[Opening Entries provided section]

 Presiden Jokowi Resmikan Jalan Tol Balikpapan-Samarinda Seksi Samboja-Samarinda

[Closing Entries provided section]
[Opening Entries provided section]

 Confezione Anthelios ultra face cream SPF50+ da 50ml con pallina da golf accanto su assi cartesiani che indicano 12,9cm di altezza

[Closing Entries provided section]
[Opening Entries provided section]

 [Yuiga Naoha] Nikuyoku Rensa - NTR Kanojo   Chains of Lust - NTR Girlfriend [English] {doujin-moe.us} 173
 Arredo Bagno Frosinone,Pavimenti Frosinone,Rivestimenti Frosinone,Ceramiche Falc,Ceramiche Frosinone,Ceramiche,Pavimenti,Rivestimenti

[Closing Entries provided section]

## Activity
Copy the entries above exactly, but only from the line holding "[Yuiga Naoha] Nikuyoku" through the line holding "Arredo Bagno Frosinone,Pavimenti", both included.

## Written reply
 [Yuiga Naoha] Nikuyoku Rensa - NTR Kanojo   Chains of Lust - NTR Girlfriend [English] {doujin-moe.us} 173
 Arredo Bagno Frosinone,Pavimenti Frosinone,Rivestimenti Frosinone,Ceramiche Falc,Ceramiche Frosinone,Ceramiche,Pavimenti,Rivestimenti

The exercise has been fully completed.